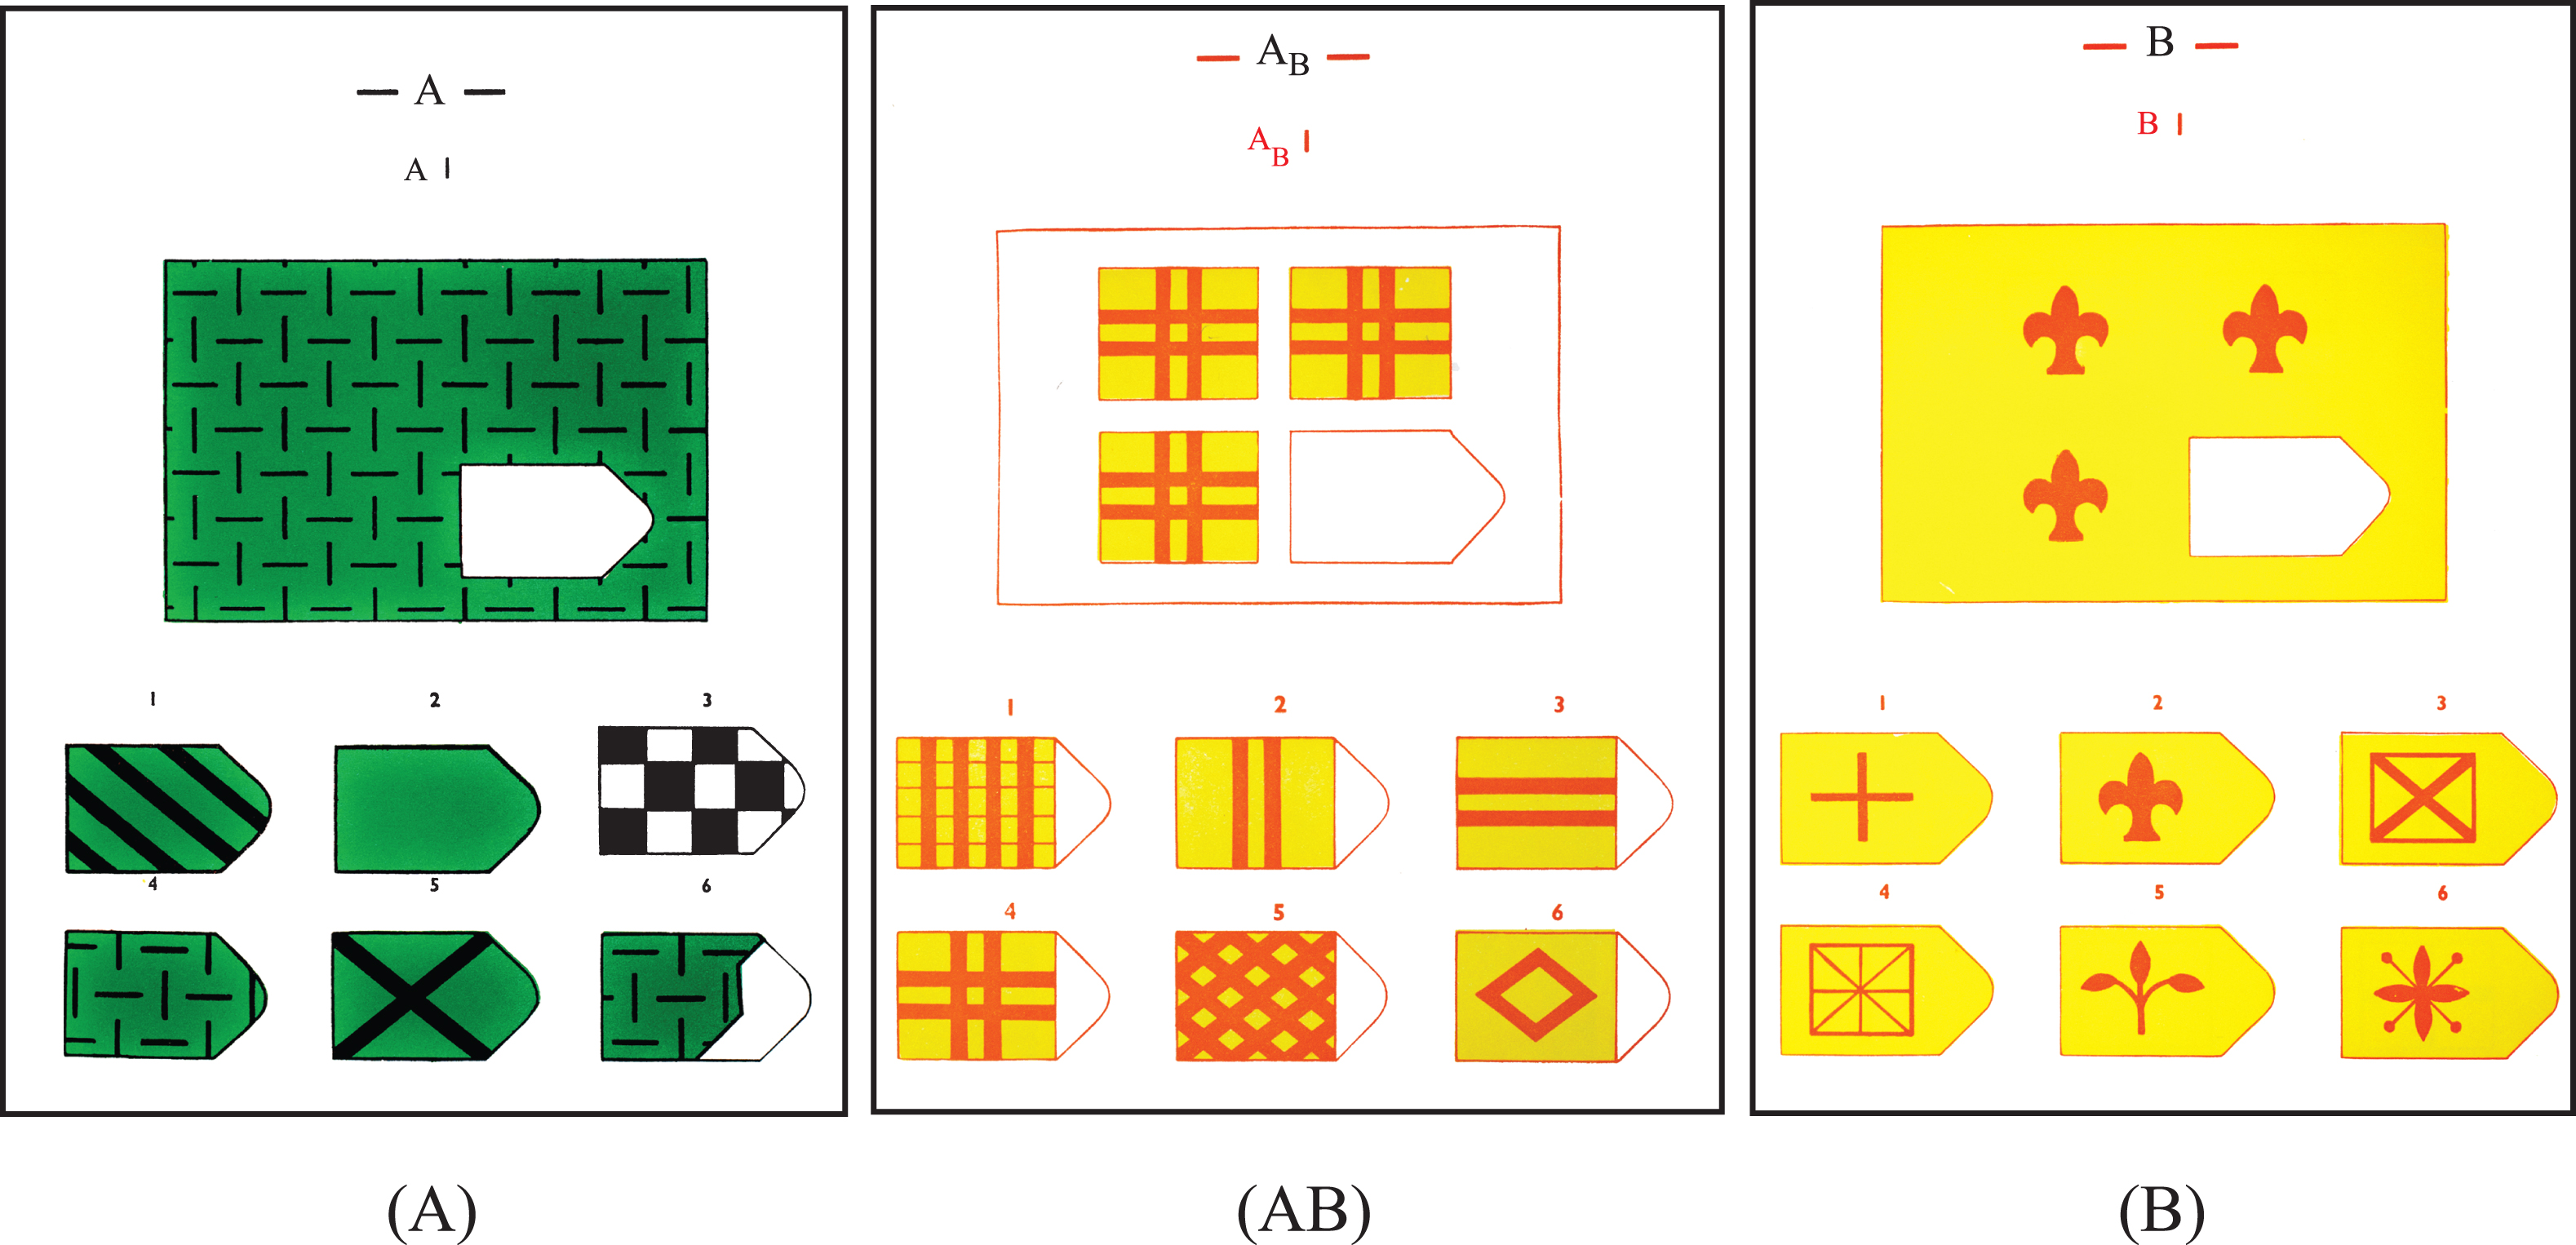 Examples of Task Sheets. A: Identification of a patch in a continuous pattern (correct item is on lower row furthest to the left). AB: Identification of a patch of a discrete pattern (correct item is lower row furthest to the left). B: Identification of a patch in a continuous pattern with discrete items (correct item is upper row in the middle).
☆ ☆ ☆
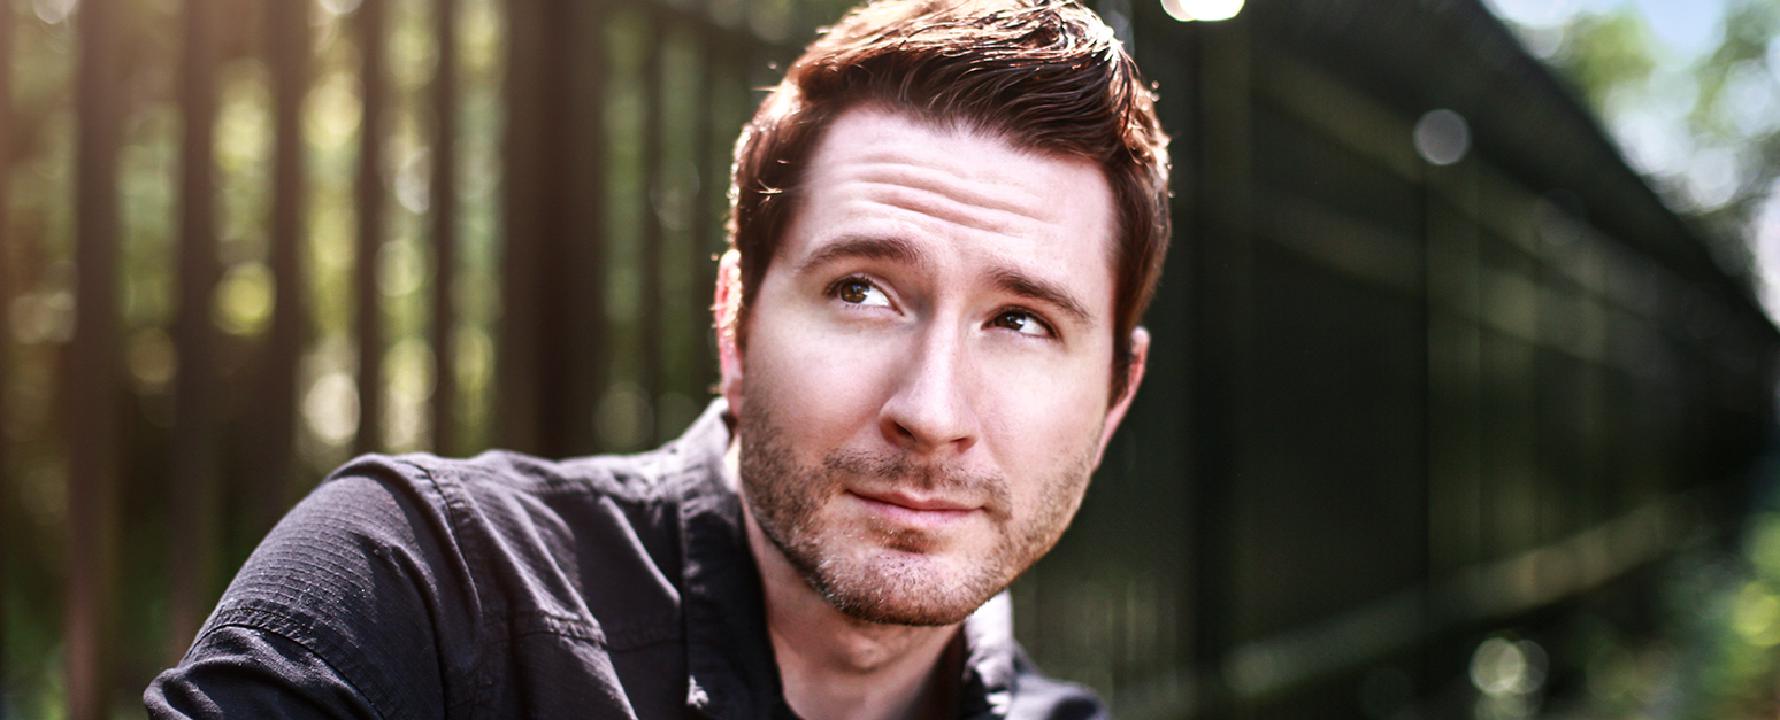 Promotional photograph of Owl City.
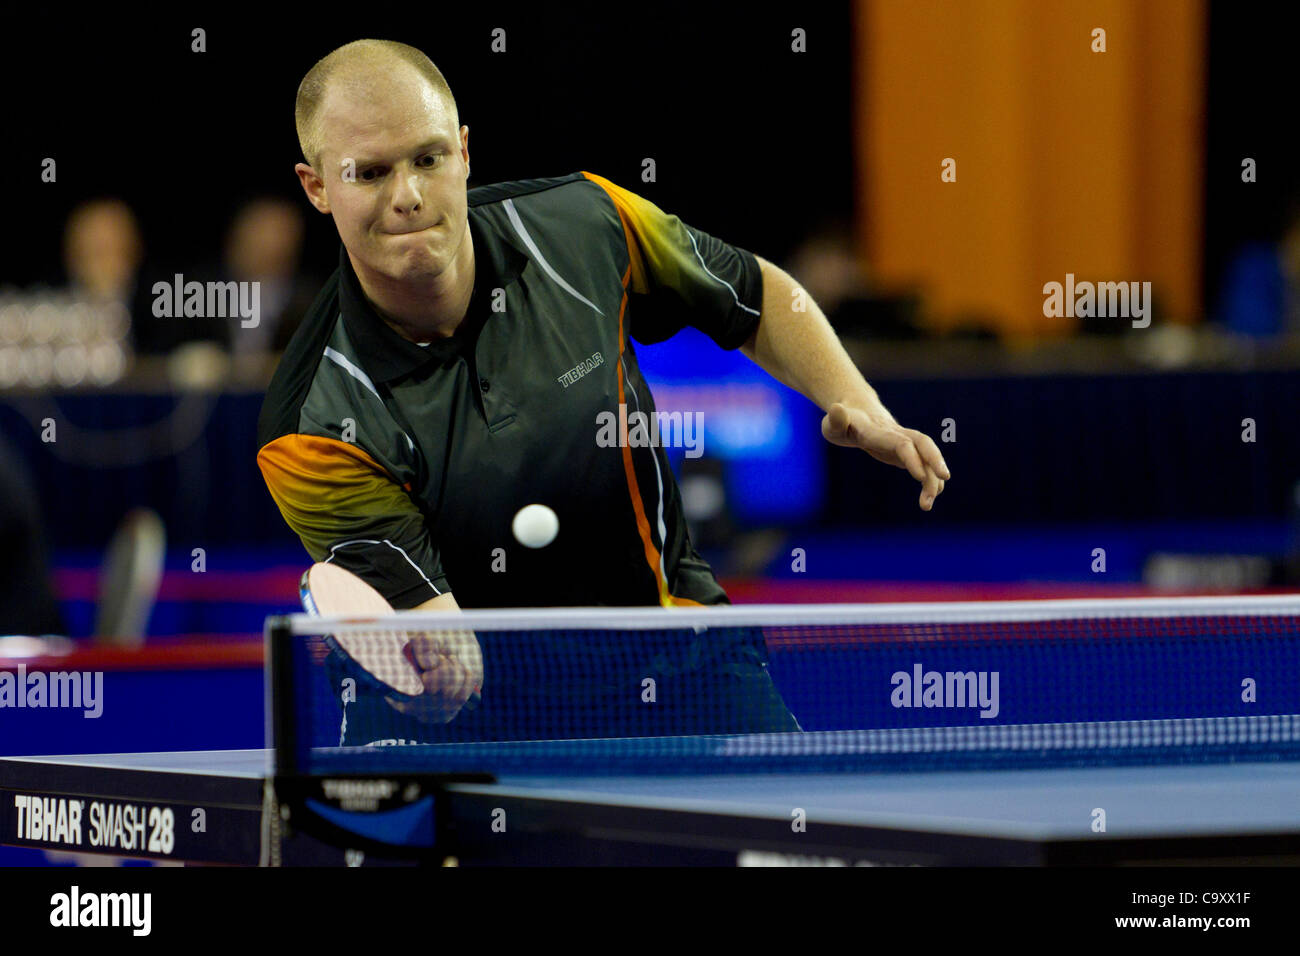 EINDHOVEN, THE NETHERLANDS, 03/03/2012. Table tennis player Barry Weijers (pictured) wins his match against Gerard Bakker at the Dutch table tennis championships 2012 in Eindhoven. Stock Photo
☆ ☆ ☆
▶ **The task**:
From the listing above, restate verbatim the lines running from the one with "Promotional photograph of Owl City." through the one with "EINDHOVEN, THE NETHERLANDS, 03/03/2012.", inclusive, but not the pictures.

▶ **Answer to this task**:
 Promotional photograph of Owl City.
 EINDHOVEN, THE NETHERLANDS, 03/03/2012. Table tennis player Barry Weijers (pictured) wins his match against Gerard Bakker at the Dutch table tennis championships 2012 in Eindhoven. Stock Photo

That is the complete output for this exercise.